[Django] #24614: Symmetry for select_related/prefetch_related for handling non-related fields

35 views
Skip to first unread message

Django

unread,
Apr 9, 2015, 4:54:50 PM4/9/15
to django-...@googlegroups.com
#24614: Symmetry for select_related/prefetch_related for handling non-related
fields
----------------------------------------------+--------------------
Reporter: Naddiseo | Owner: nobody
Type: Uncategorized | Status: new
Component: Database layer (models, ORM) | Version: master
Severity: Normal | Keywords:
Triage Stage: Unreviewed | Has patch: 0
Easy pickings: 0 | UI/UX: 0
----------------------------------------------+--------------------
I've been looking at the generated queries from some of our code and
noticed a few things about select_related and prefetch_related. To start
with, I want to provide some code examples for reference:

{{{#!python

from django.db import models

class City(models.Model):
name = models.CharField(max_length = 50)
population = models.PositiveIntegerField()
mayor = models.ForeignKey('Person', null=True, default=None)

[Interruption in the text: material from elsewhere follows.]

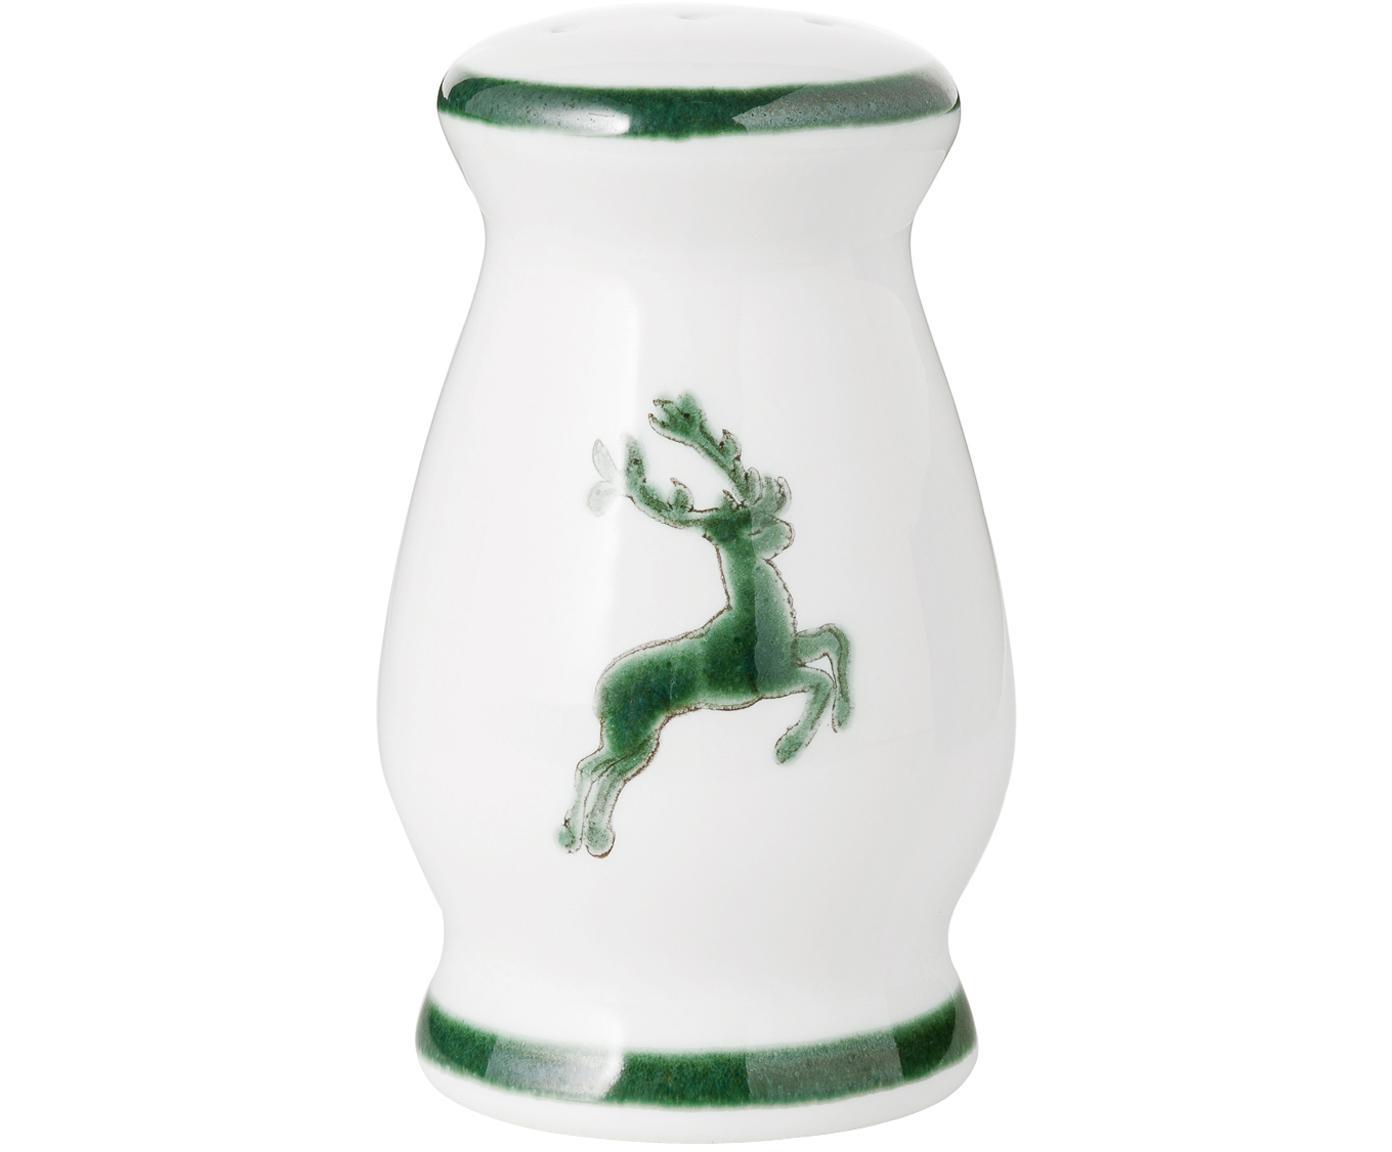 Pieprzniczka Gourmet Grüner Hirsch, Ceramika, Zielony, biały, 4 x 6 cm

class Person(models.Model):
name = models.CharField(max_length = 50)
hometown = models.ForeignKey(City)

def initial_data():
c1 = City(name='City1', population=2)
c1.save()
p1 = Person(name='Citizen One', hometown=c1)
p1.save()
p2 = Person(name='Mayor', hometown=c1)
p2.save()
c1.mayor = p2
c1.save(update_fields=['mayor'])
}}}

{{{
# ==== Current behaviour (with abbreviated sql) ====

# --- Select related at depth=1 ---
>>> p = Person.objects.select_related('hometown').get(id=1)
# SELECT p.*, c.* FROM app_person p INNER JOIN app_city c ON
p.hometown_id = c.id WHERE p.id=1;
>>> print(p.hometown.name) # No query
City1
>>> print(p.hometown.population) # No query
2
>>> print(p.hometown.mayor)
# SELECT p.* FROM app_person p WHERE p.id = 2
Person(Mayor)

# --- Select related on a non-rel field ---
p = Person.objects.select_related('hometown__name').get(id=1)
# SELECT p.*, c.* FROM app_person p INNER JOIN app_city c ON
p.hometown_id = c.id WHERE p.id=1;
>>> print(p.hometown.name) # No query
City1
>>> print(p.hometown.population) # No query
2
>>> print(p.hometown.mayor)
# SELECT p.* FROM app_person p WHERE p.id = 2
Person(Mayor)

# --- Select related on a rel-rel field ---
p = Person.objects.select_related('hometown__mayor').get(id=1)
# SELECT p1.*, c.*, p2.* FROM app_person p1 INNER JOIN app_city c ON
p1.hometown_id = c.id LEFT OUTER JOIN app_person p2 ON c.mayor_id = p2.id
WHERE p1.id = 1
>>> print(p.hometown.name) # No query
City1
>>> print(p.hometown.population) # No query
2
>>> print(p.hometown.mayor) # No query
Person(Mayor)

# --- Prefetch related on a related field ---
>>> p = Person.objects.prefetch_related('hometown').get(id=1)
# SELECT p.* FROM app_person p WHERE p.id = 1
# SELECT c.* FROM app_city c WHERE c.id IN (...)
>>> print(p.hometown.name) # No query
City1
>>> print(p.hometown.population) # No query
2
>>> print(p.hometown.mayor)
# SELECT p.* FROM app_person p WHERE p.id = 2
Person(Mayor)

# --- Prefetch related on a non-rel field ---
>>> p = Person.objects.prefetch_related('hometown__name').get(id=1)
# SELECT p.* FROM app_person p WHERE p.id = 1
# SELECT c.* FROM app_city c WHERE c.id IN (...)
ValueError: 'hometown__name' does not resolve to an item that supports
prefetching - this is an invalid parameter to prefetch_related().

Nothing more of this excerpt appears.